Before moving on to my main question, I would like to write the basic question that I know the solution method well.
Basic Question: Prove that no matter how $50$ points are chosen from inside or over a square with a side length of $7$ units, there are two points with a distance is $\leq \sqrt{2}$ between them.
Solution: Let's split the board in $7\times 7$ type. So we have $49$ unit squares. According to the pigeonhole principle, $ \left\lfloor\dfrac{50}{49}\right\rfloor + 1 = 2$ points are in or on the same square. The distance between them is $\leq \sqrt{2}$.
At this stage, the following question came to my mind:
Main Question: No matter how $n$ points are taken from inside (or over) a square with side lengths of $7$ units, there can always be a pair of points whose distance is $\leq \sqrt{2}$ unit. What is the smallest value of $n$ that makes this condition possible?
At first I thought the answer would simply be $50$. I tried to place the points as close to each other as the distance between them was slightly greater than $\sqrt{2}$. I got $32$ points. So I feel that $n = 32+1=33$ is the minimum desired value. I have no rigorous proof.

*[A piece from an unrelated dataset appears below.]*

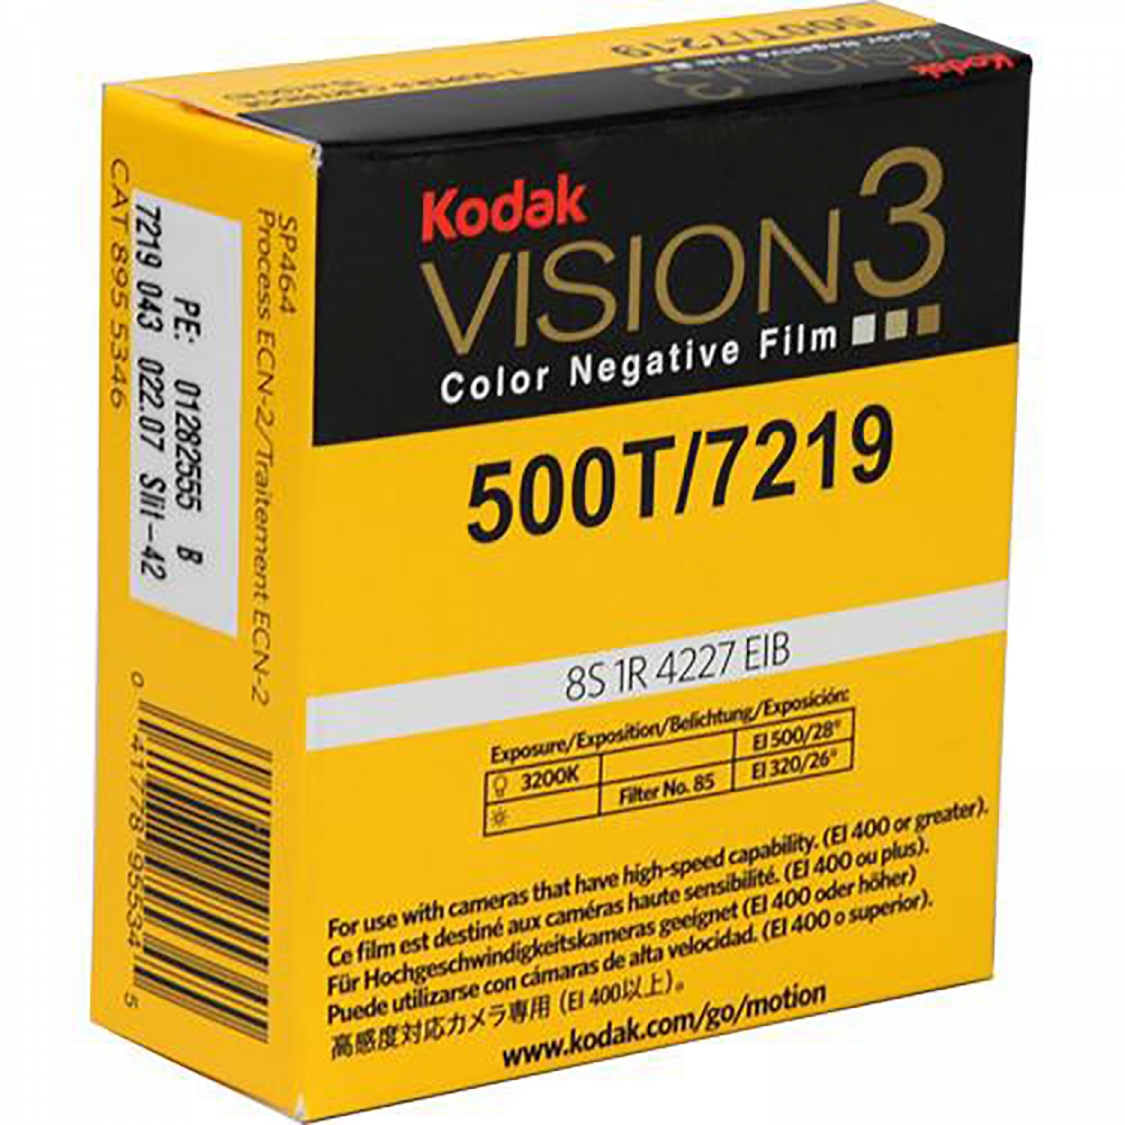 T 500 3. Kodak Vision 3 500t. Кинопленка Kodak Vision. Kodak Vision 100t. Kodak 7219.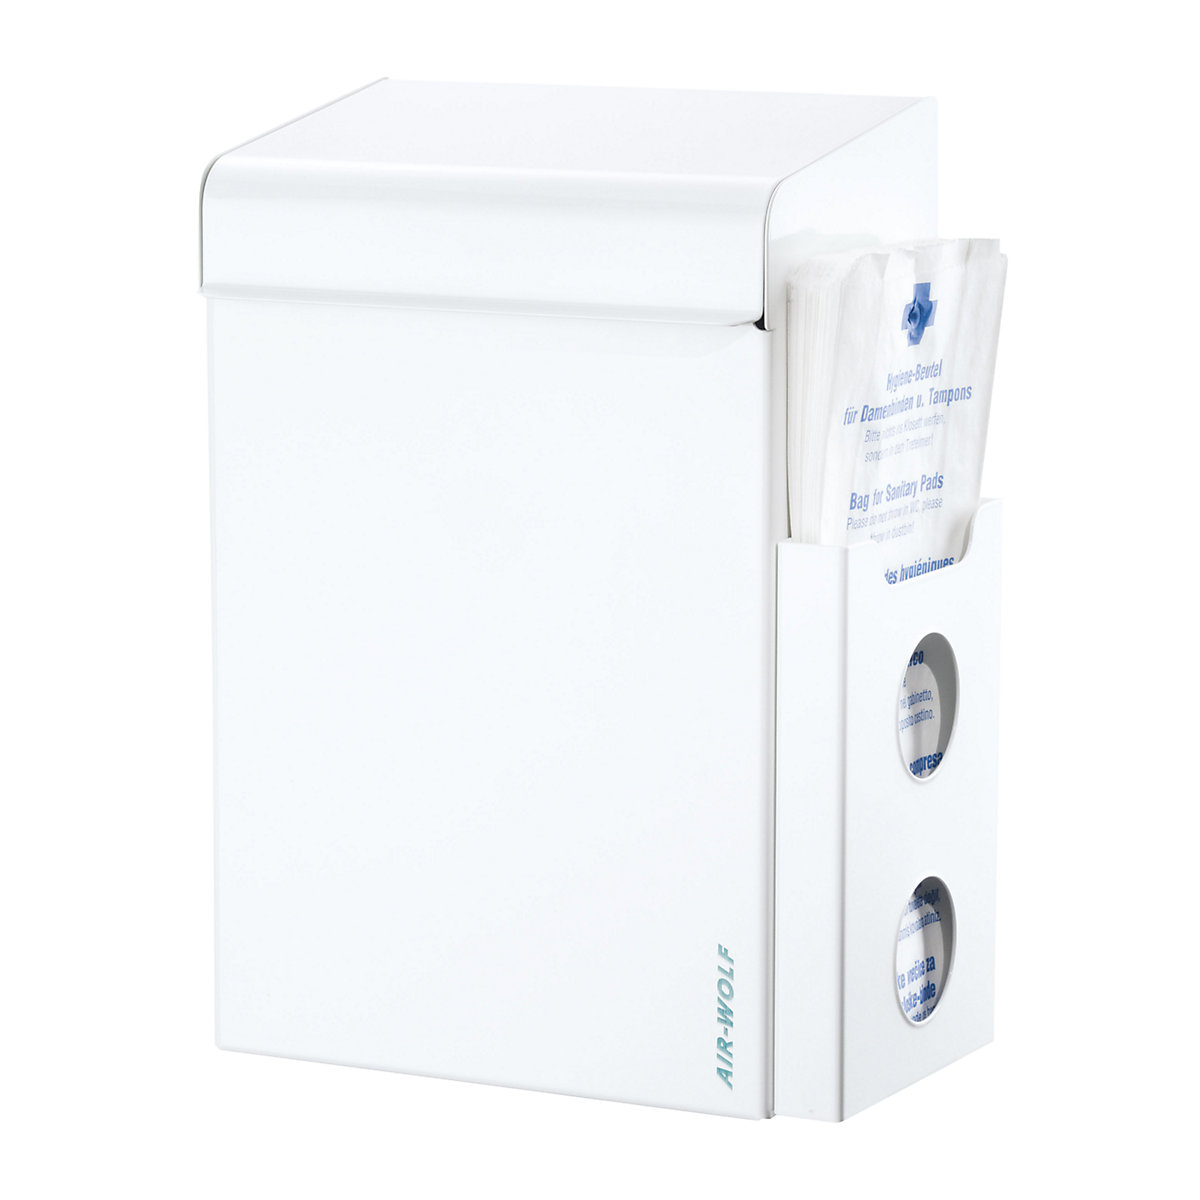 AIR-WOLF – Coletor de lixo para produtos de higiene com dispensador de sacos, volume 8 l, LxAxP 220 x 342 x 153 mm, aço inoxidável branco

Thank you for your advice and assistance.
The problem of arranging points in a square with no two points near each other is equivalent to the well-studied problem of packing circles in a square. Specifically, if you choose $n$ points in a $7 \times 7$ square with no two points within $\sqrt 2$ units of each other, then the circles of radius $\frac{\sqrt 2}{2}$ centered on the given points do not intersect and are all contained in a square of side length $7 + \sqrt 2$. The converse holds as well.
As a result, after rescaling distances, you are asking how many unit circles can be packed in a square of side length $(7 + \sqrt 2) \cdot \sqrt 2 = 7 \sqrt 2 + 2 \approx 11.8995$. According to here, the answer to this is 35: the tightest possible packing of $36$ unit circles is in a square of side length $12$ (in a square grid), while $35$ unit circles can be packed in a square of side length at most $s \approx 11.8637$ (picture here, not known to be optimal). This corresponds to a packing of $35$ points in a square of side length $\frac{s-2}{\sqrt 2} \approx 6.9747$ with all distances at least $\sqrt 2$ (or a slightly larger square with all distances greater than $\sqrt 2$). Meanwhile, for $36$ points you would need a square of side length at least $\frac{12 - 2}{\sqrt 2} \approx 7.071$.